(Excerpted records Opens)

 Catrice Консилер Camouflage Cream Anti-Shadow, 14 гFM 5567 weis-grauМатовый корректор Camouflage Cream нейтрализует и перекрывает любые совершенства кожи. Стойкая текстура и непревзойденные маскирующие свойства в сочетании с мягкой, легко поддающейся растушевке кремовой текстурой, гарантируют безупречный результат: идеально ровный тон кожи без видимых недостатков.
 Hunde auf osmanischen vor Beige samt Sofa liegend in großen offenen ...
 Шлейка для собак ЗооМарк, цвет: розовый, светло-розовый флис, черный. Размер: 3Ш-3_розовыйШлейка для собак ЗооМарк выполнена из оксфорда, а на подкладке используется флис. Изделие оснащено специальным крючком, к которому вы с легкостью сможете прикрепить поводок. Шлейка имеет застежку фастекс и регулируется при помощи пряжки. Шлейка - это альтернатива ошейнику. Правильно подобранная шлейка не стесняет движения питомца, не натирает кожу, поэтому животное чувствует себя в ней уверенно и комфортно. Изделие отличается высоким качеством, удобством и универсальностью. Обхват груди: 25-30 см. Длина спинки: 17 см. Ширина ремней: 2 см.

(Excerpted records Closes)
(Excerpted records Opens)

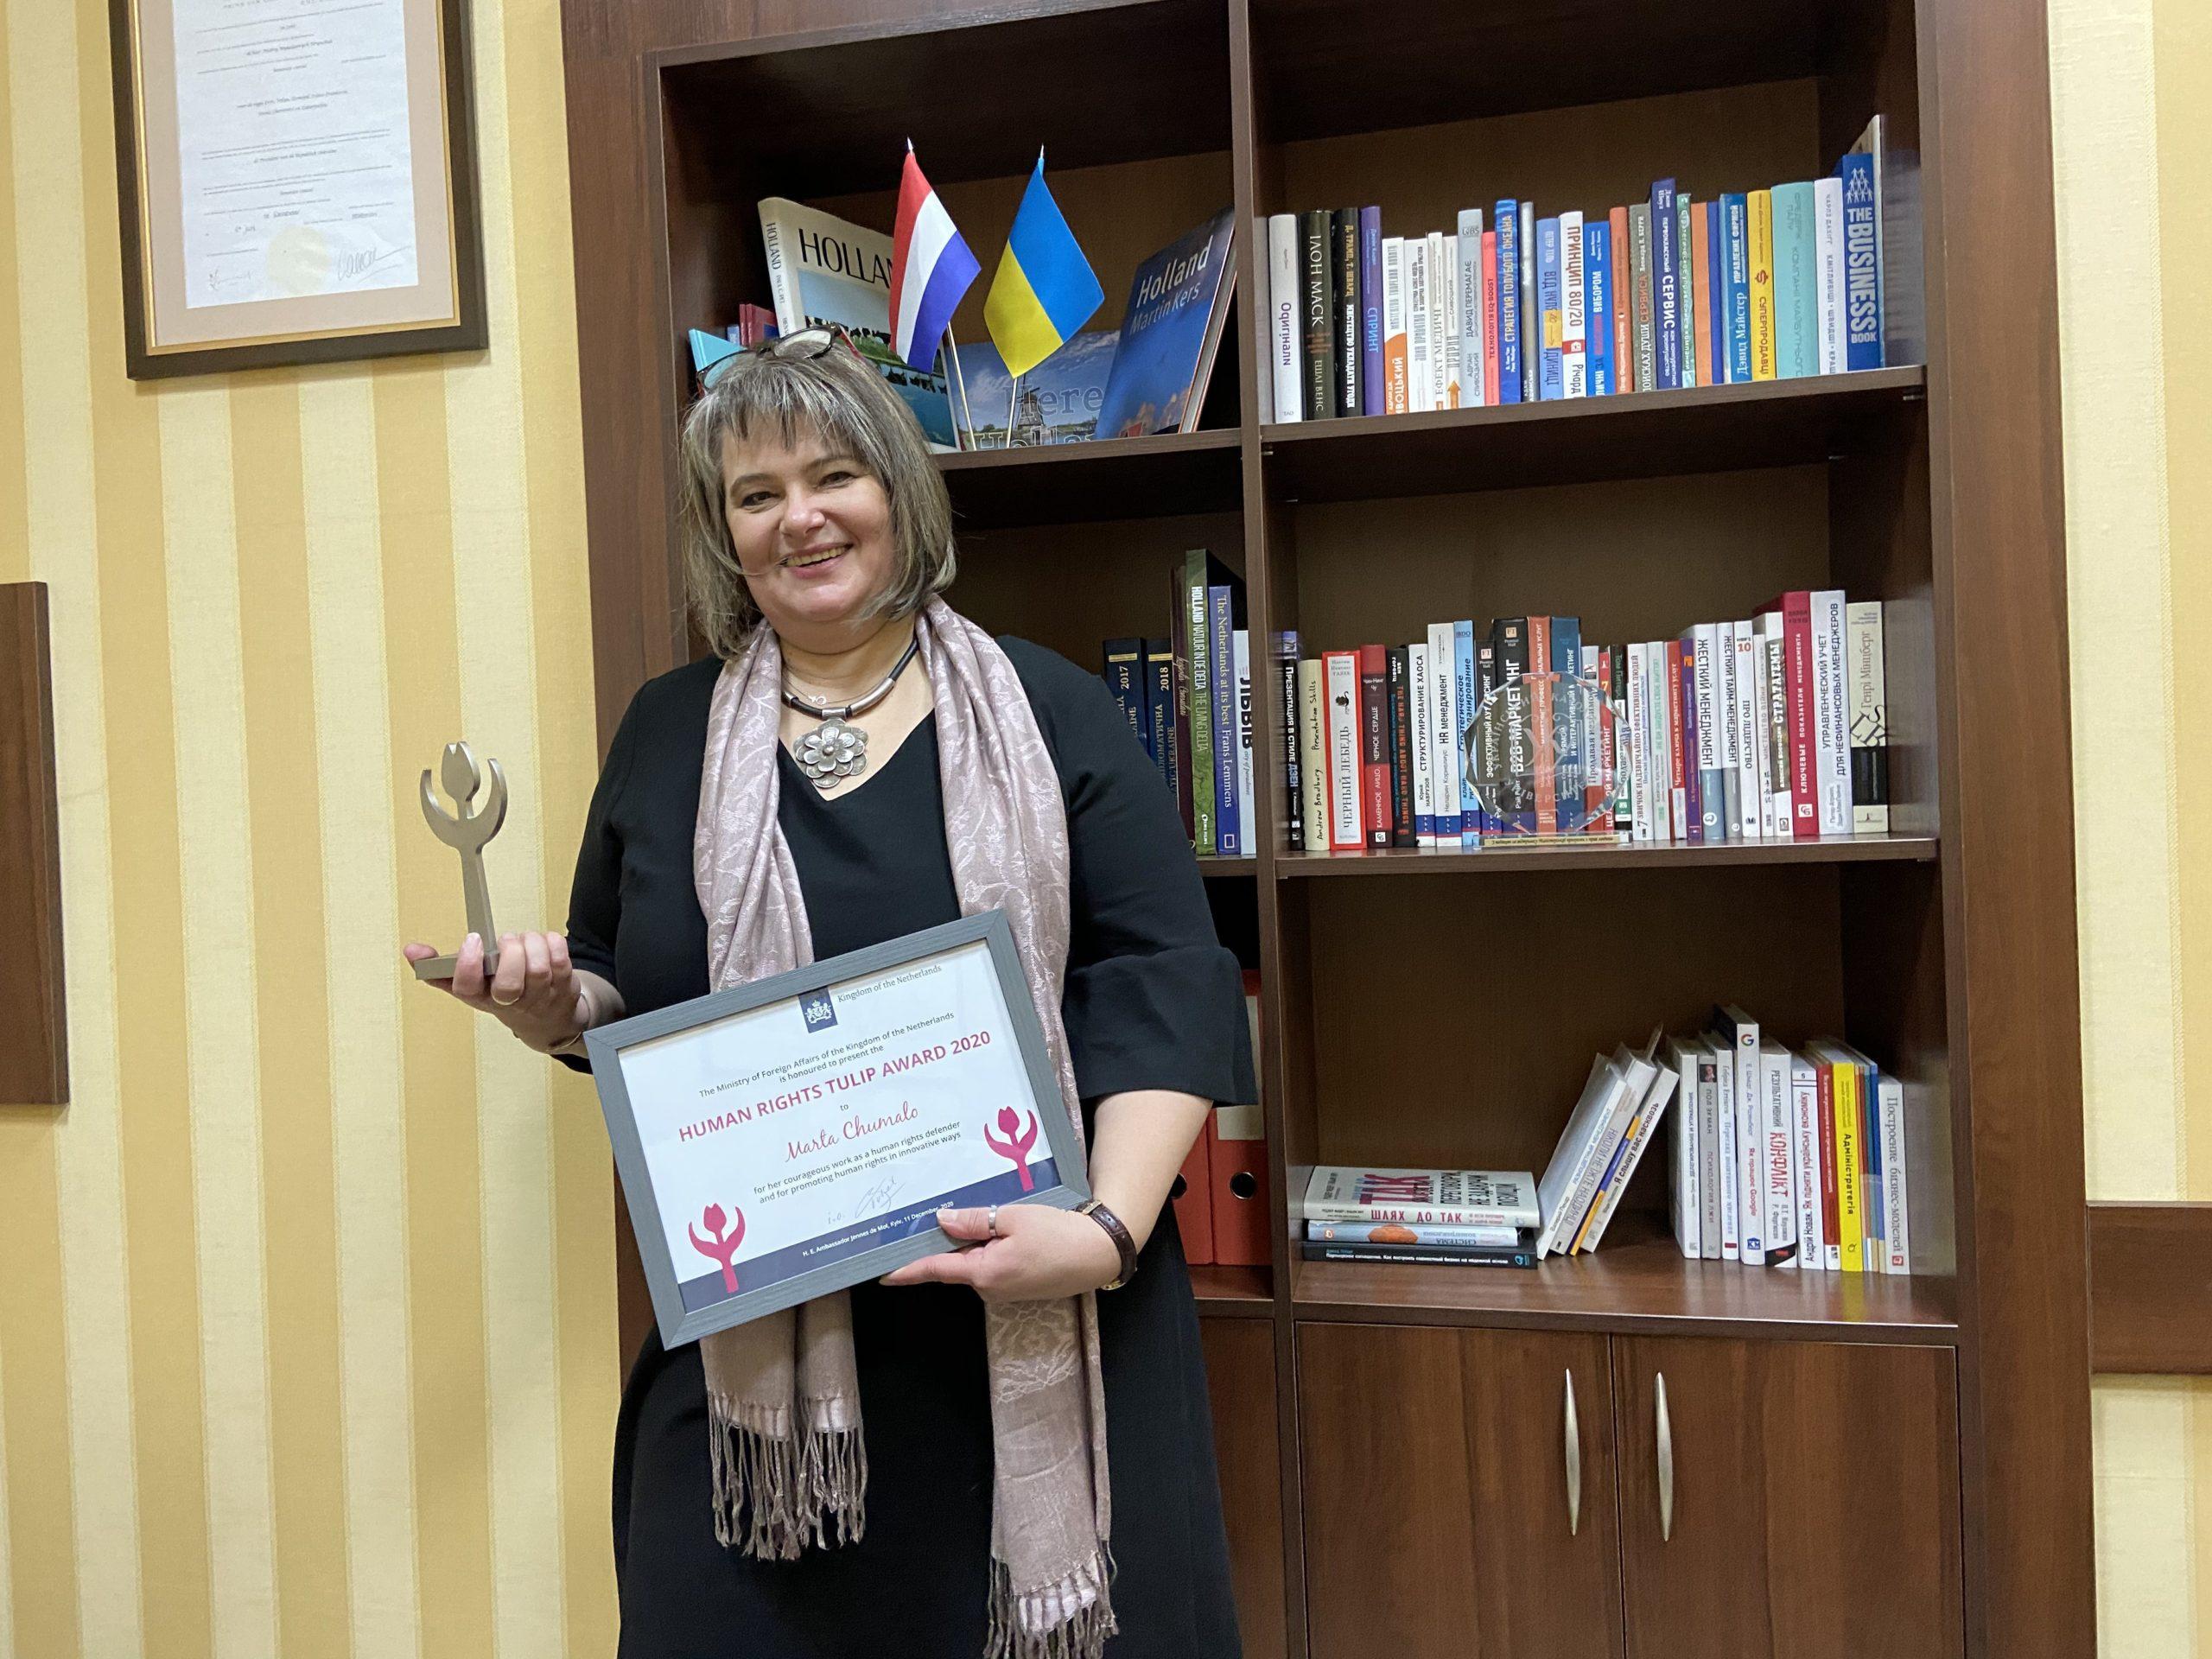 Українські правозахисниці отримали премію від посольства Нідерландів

(Excerpted records Closes)
(Excerpted records Opens)

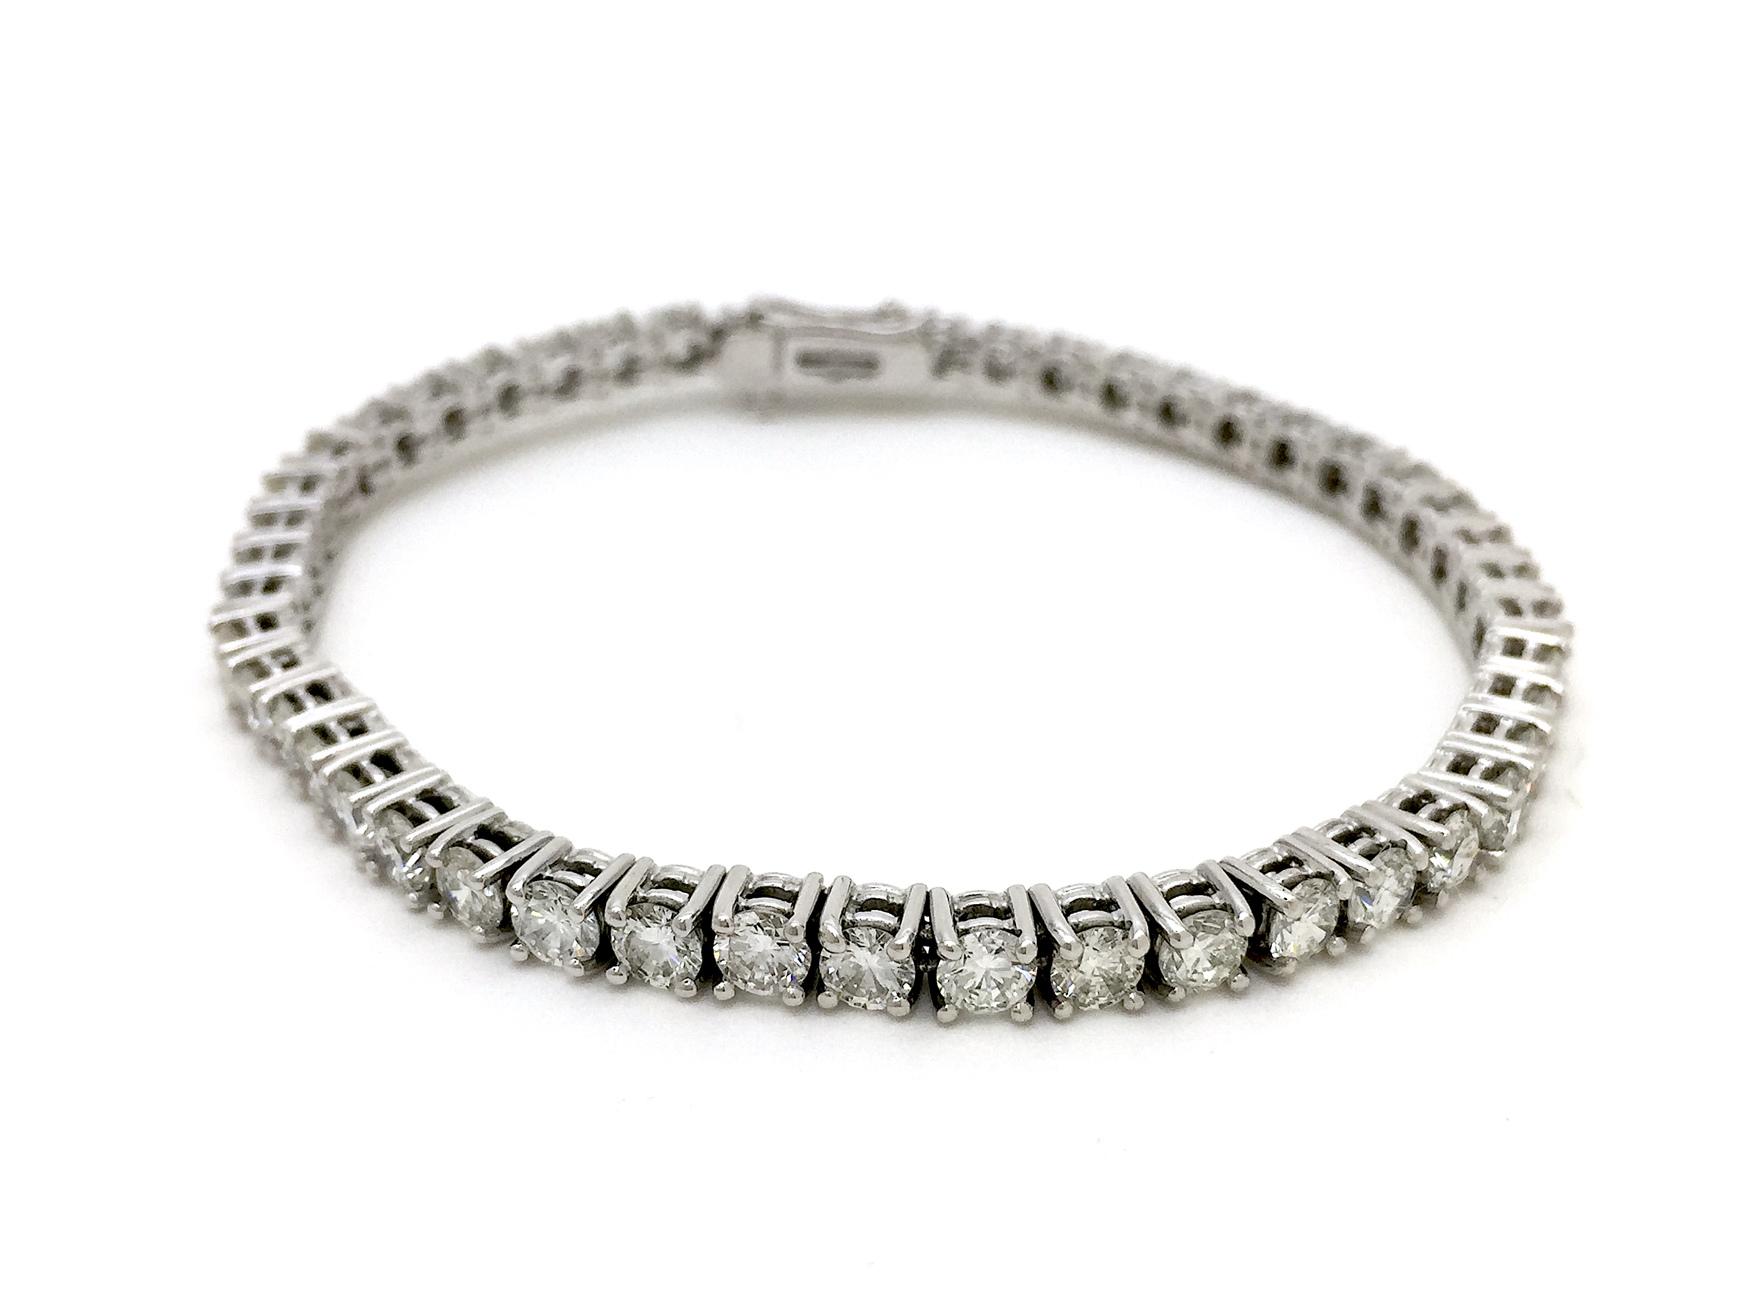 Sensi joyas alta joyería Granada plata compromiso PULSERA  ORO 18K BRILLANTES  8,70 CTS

(Excerpted records Closes)

• _Exercise brief_
Using the data above, reproduce exactly the lines from the line that contains "Hunde auf osmanischen" through the line that contains "Шлейка для собак ЗооМарк, цвет: розовый, светло-розовый", including both.

• _Written answer_
 Hunde auf osmanischen vor Beige samt Sofa liegend in großen offenen ...
 Шлейка для собак ЗооМарк, цвет: розовый, светло-розовый флис, черный. Размер: 3Ш-3_розовыйШлейка для собак ЗооМарк выполнена из оксфорда, а на подкладке используется флис. Изделие оснащено специальным крючком, к которому вы с легкостью сможете прикрепить поводок. Шлейка имеет застежку фастекс и регулируется при помощи пряжки. Шлейка - это альтернатива ошейнику. Правильно подобранная шлейка не стесняет движения питомца, не натирает кожу, поэтому животное чувствует себя в ней уверенно и комфортно. Изделие отличается высоким качеством, удобством и универсальностью. Обхват груди: 25-30 см. Длина спинки: 17 см. Ширина ремней: 2 см.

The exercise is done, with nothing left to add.